No Stryda-specific format — any JWT library that understands `EdDSA` with `Ed25519` will verify these tokens against the JWKS. `PyJWT[crypto]` works out of the box:

```python
import jwt, httpx
jwks = httpx.get("https://api.stryda.ai/api/.well-known/jwks.json").json()
claims = jwt.decode(
    record.attestation,
    key=jwt.algorithms.OKPAlgorithm.from_jwk(
        next(k for k in jwks["keys"] if k["kid"] == record.attestation_kid)
    ),
    algorithms=["EdDSA"],
    audience="mcp-governance",
)
```

## Error model

| Exception | Meaning |
| --- | --- |
| `StrydaError` | Transport or HTTP error from the control plane. |
| `PolicyDenied` | `check_action` returned `denied`. Do not execute the tool. |
| `PendingApproval` | `check_action` returned `escalated`. Surface `escalation_id` to the user / agent loop. |

`governed()` raises the first two for you.
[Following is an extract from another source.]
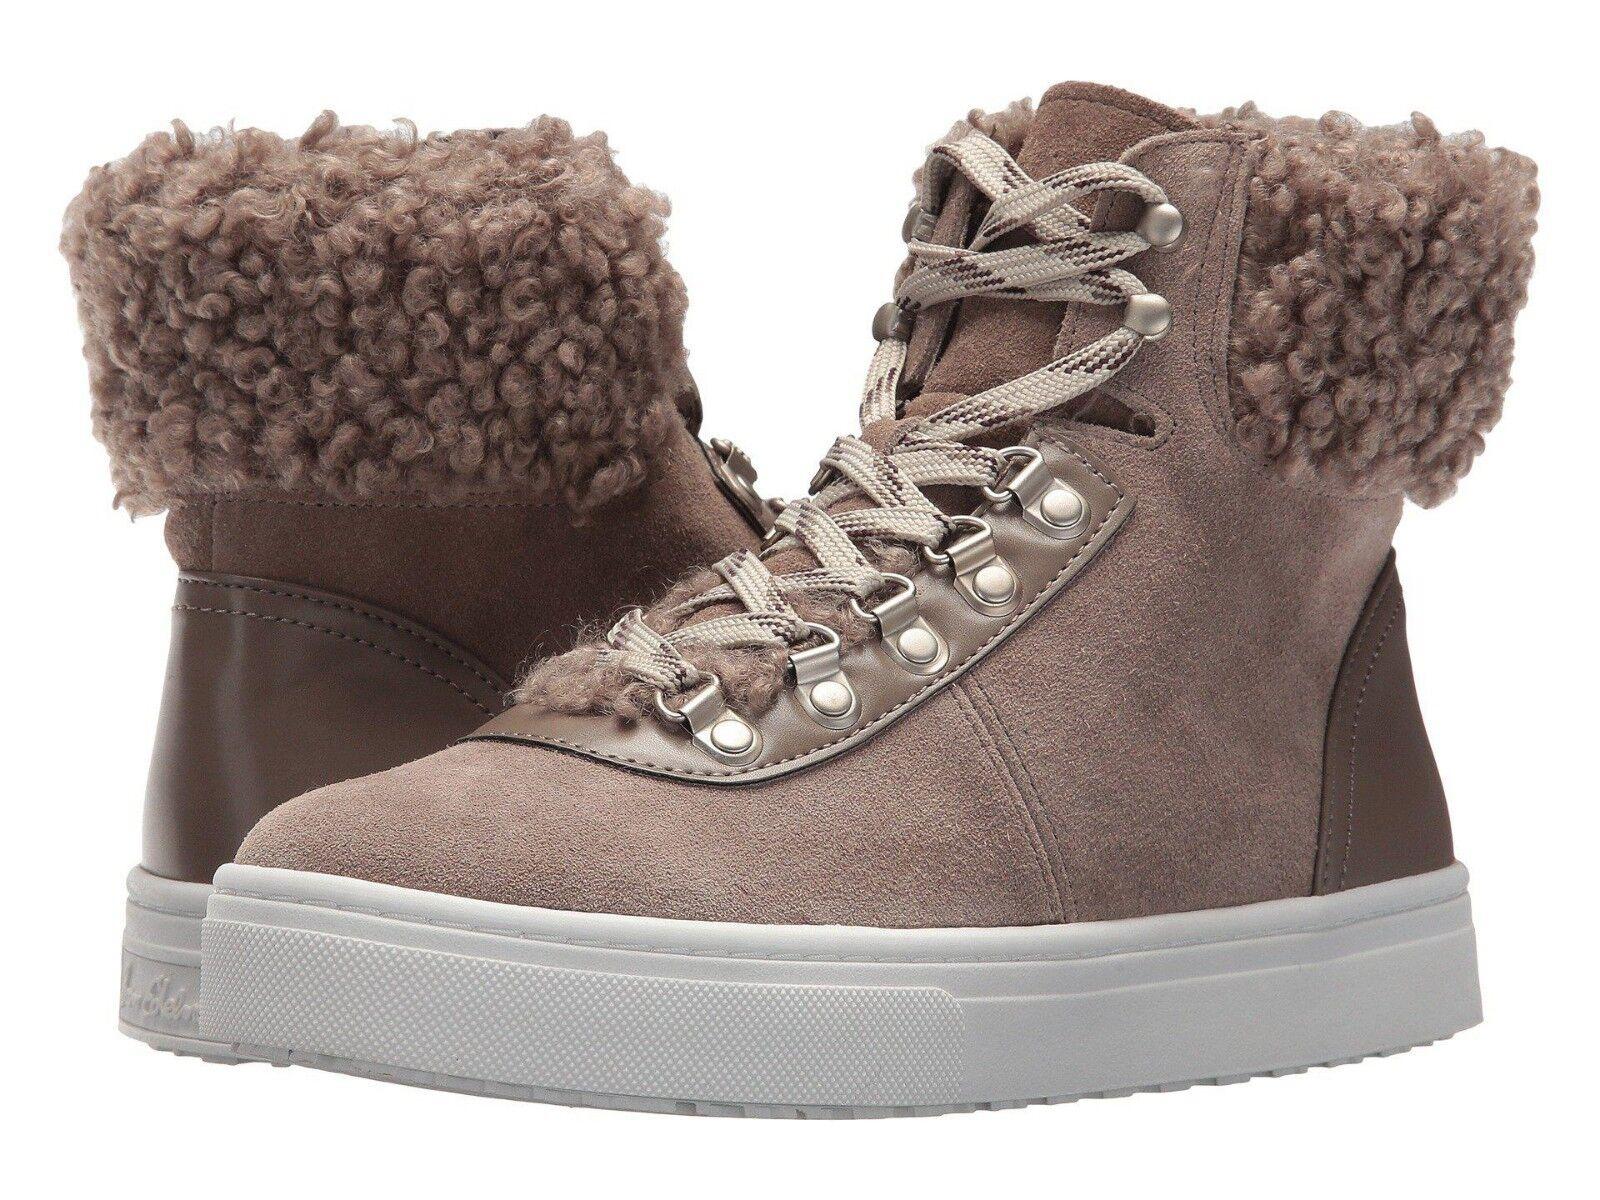 negozio di vendita outlet Sam Edelman Luther donna donna donna Dimensione 8.5M Putty Suede Faux Shearling scarpe da ginnastica avvioies  alta qualità generale

If `execute()` raises, `record_outcome` is still called with `outcome="error"` before the exception propagates. If both the tool and `record_outcome` fail, the tool exception wins — a best-effort audit write should not shadow the real error.

## What this SDK does *not* do

- It does not proxy your API calls. Your process still talks to OpenAI / Stripe / Twilio directly.
- It does not cache decisions. A `denied` policy at T0 might be `authorized` at T1 after policy edits.
- It does not retry. Use the same `idempotency_key` on retries — the control plane will return the stored decision instead of re-escalating.

## Runtime requirements

- Python 3.10+.
- `httpx>=0.26`.
- `cryptography>=42` *only if* you use `verify_attestation` (extra: `stryda-sdk[verify]`).